> Exercise description:
From the listing below, set down exactly the lines between the one holding "Anonymous Mask - 3D Animation - PixelBoom" and the one holding "<ul> <li><strong>Price:</strong> <a", inclusive. No other line is wanted.

> Listed entries:
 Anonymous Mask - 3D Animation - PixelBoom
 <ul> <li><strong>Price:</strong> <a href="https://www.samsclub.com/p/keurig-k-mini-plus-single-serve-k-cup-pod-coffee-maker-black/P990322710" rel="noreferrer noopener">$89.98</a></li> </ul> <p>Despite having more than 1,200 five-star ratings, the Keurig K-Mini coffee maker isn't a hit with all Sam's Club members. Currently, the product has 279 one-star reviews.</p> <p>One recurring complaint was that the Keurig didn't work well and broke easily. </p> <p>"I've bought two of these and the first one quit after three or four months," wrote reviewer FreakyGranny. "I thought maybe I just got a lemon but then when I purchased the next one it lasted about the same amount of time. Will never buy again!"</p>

...

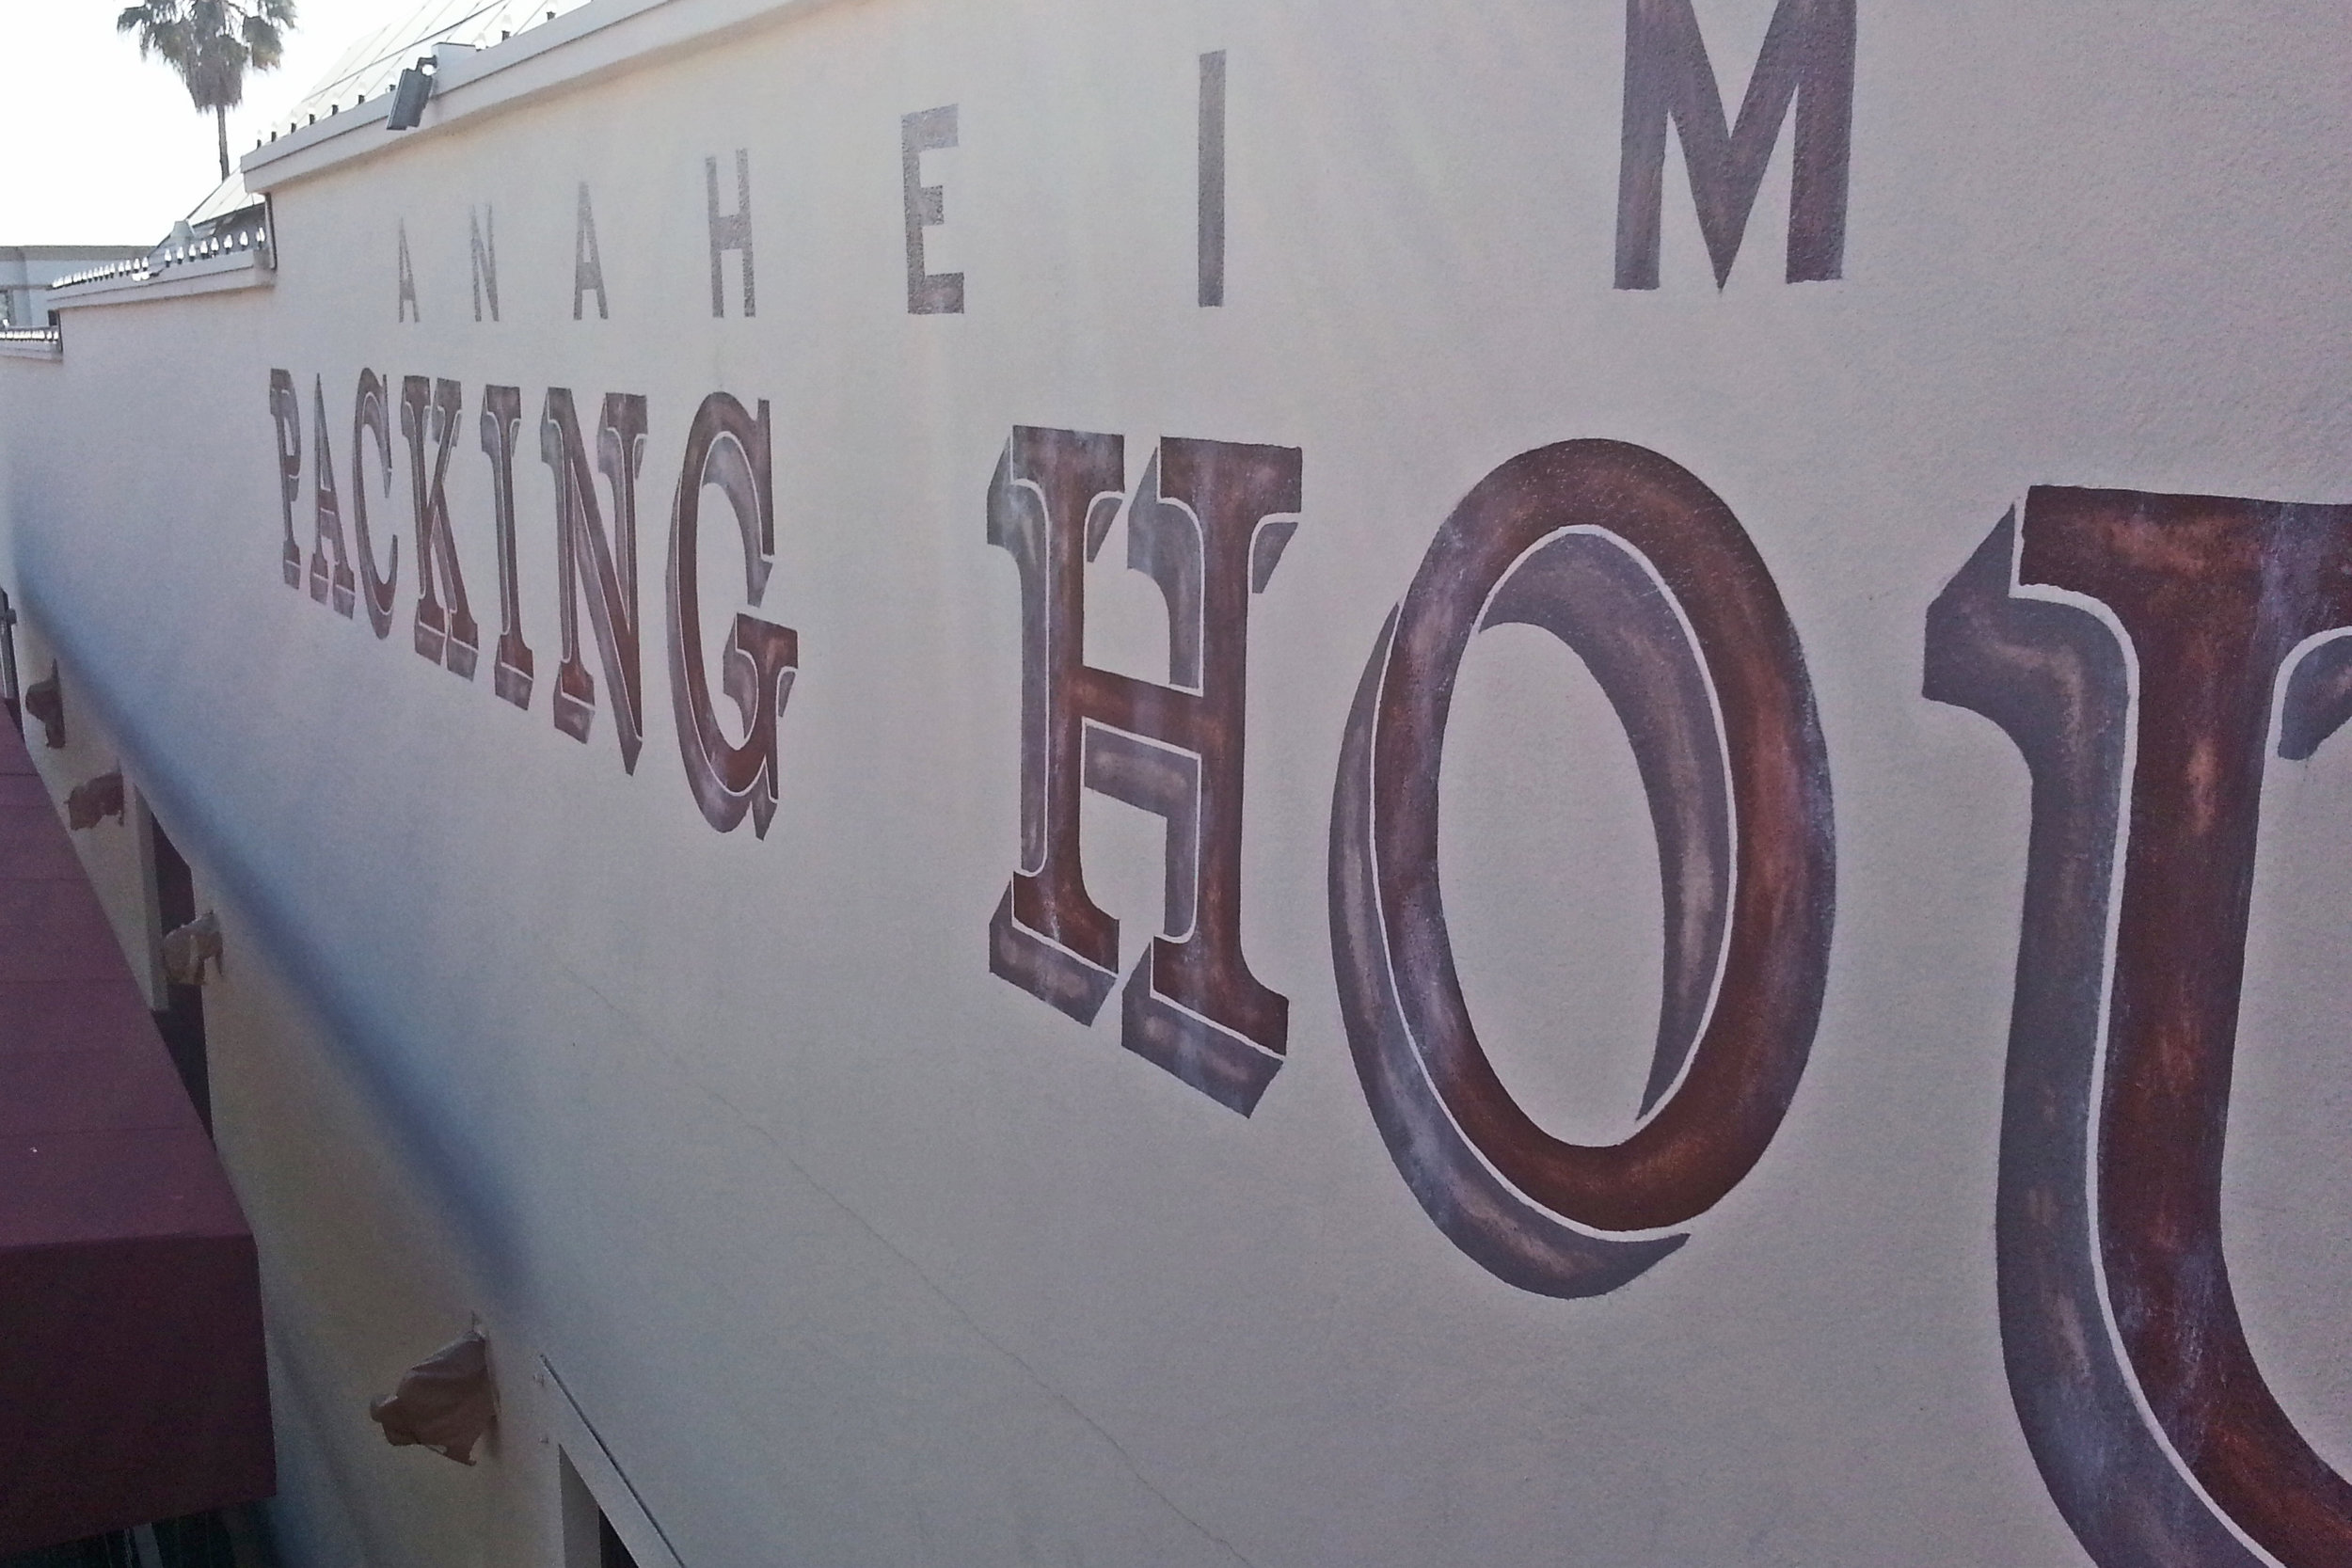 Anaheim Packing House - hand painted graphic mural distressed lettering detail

--

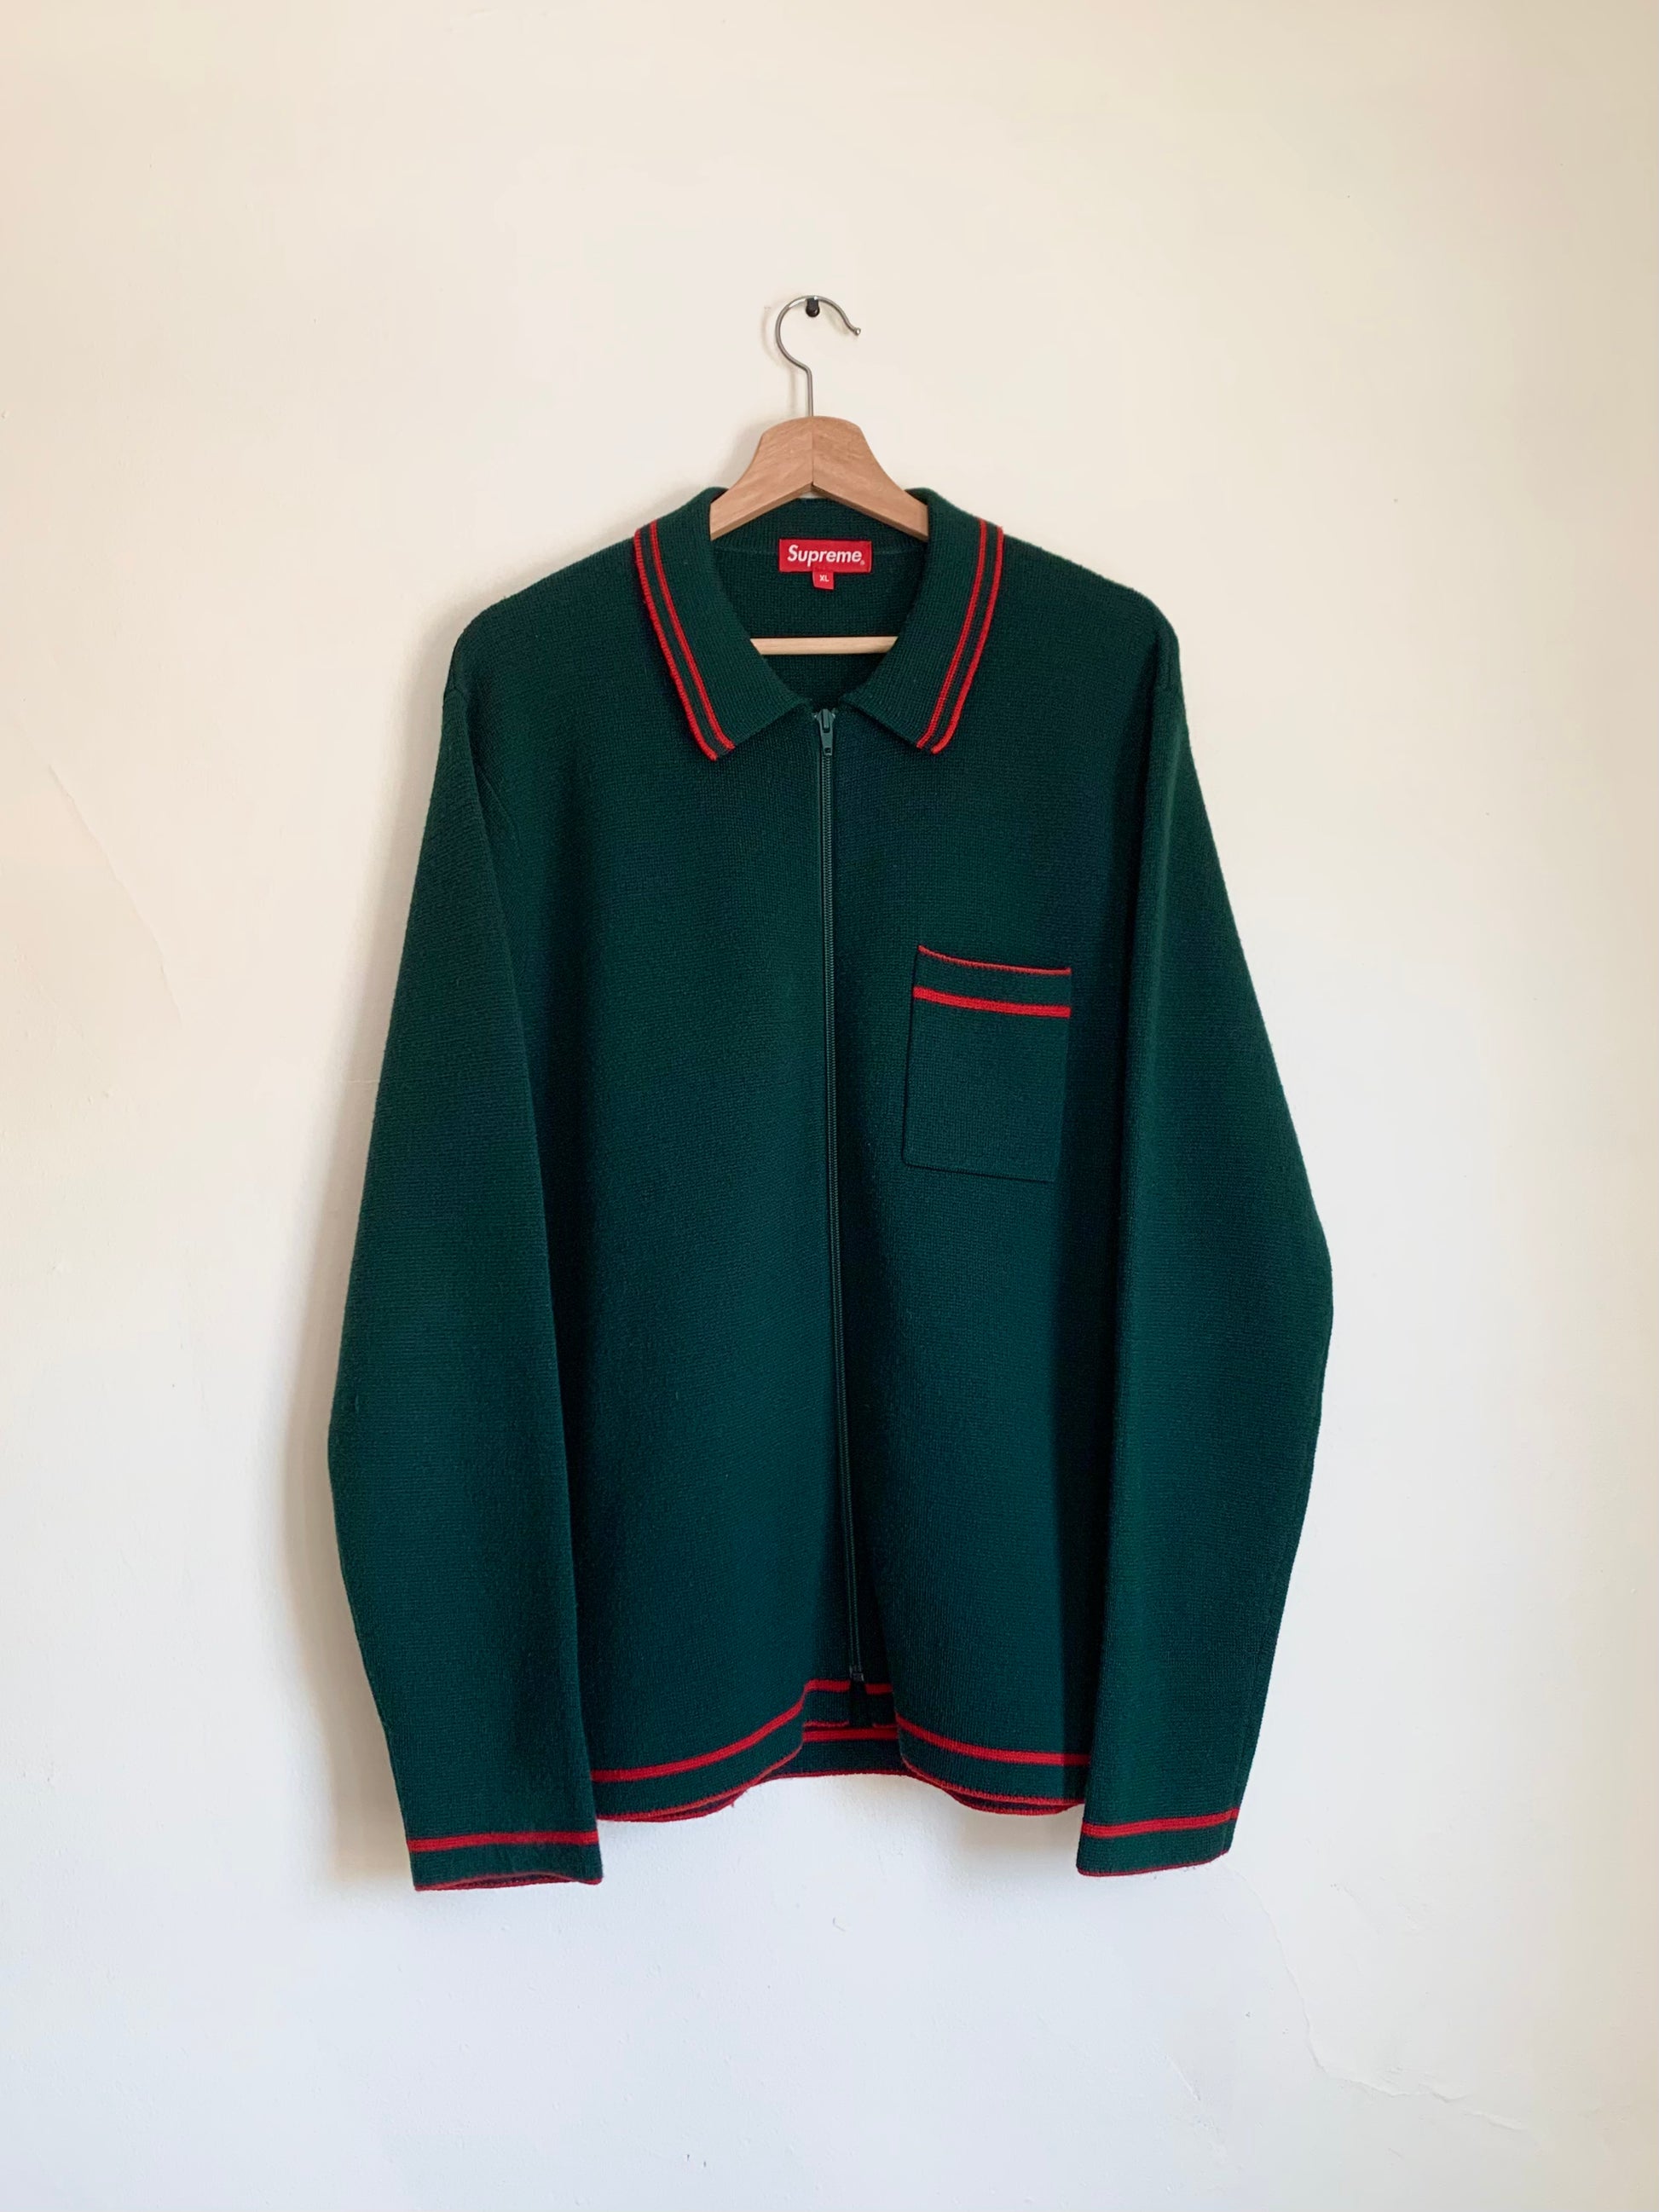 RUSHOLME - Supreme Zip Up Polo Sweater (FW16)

> Problem solution:
 Anonymous Mask - 3D Animation - PixelBoom
 <ul> <li><strong>Price:</strong> <a href="https://www.samsclub.com/p/keurig-k-mini-plus-single-serve-k-cup-pod-coffee-maker-black/P990322710" rel="noreferrer noopener">$89.98</a></li> </ul> <p>Despite having more than 1,200 five-star ratings, the Keurig K-Mini coffee maker isn't a hit with all Sam's Club members. Currently, the product has 279 one-star reviews.</p> <p>One recurring complaint was that the Keurig didn't work well and broke easily. </p> <p>"I've bought two of these and the first one quit after three or four months," wrote reviewer FreakyGranny. "I thought maybe I just got a lemon but then when I purchased the next one it lasted about the same amount of time. Will never buy again!"</p>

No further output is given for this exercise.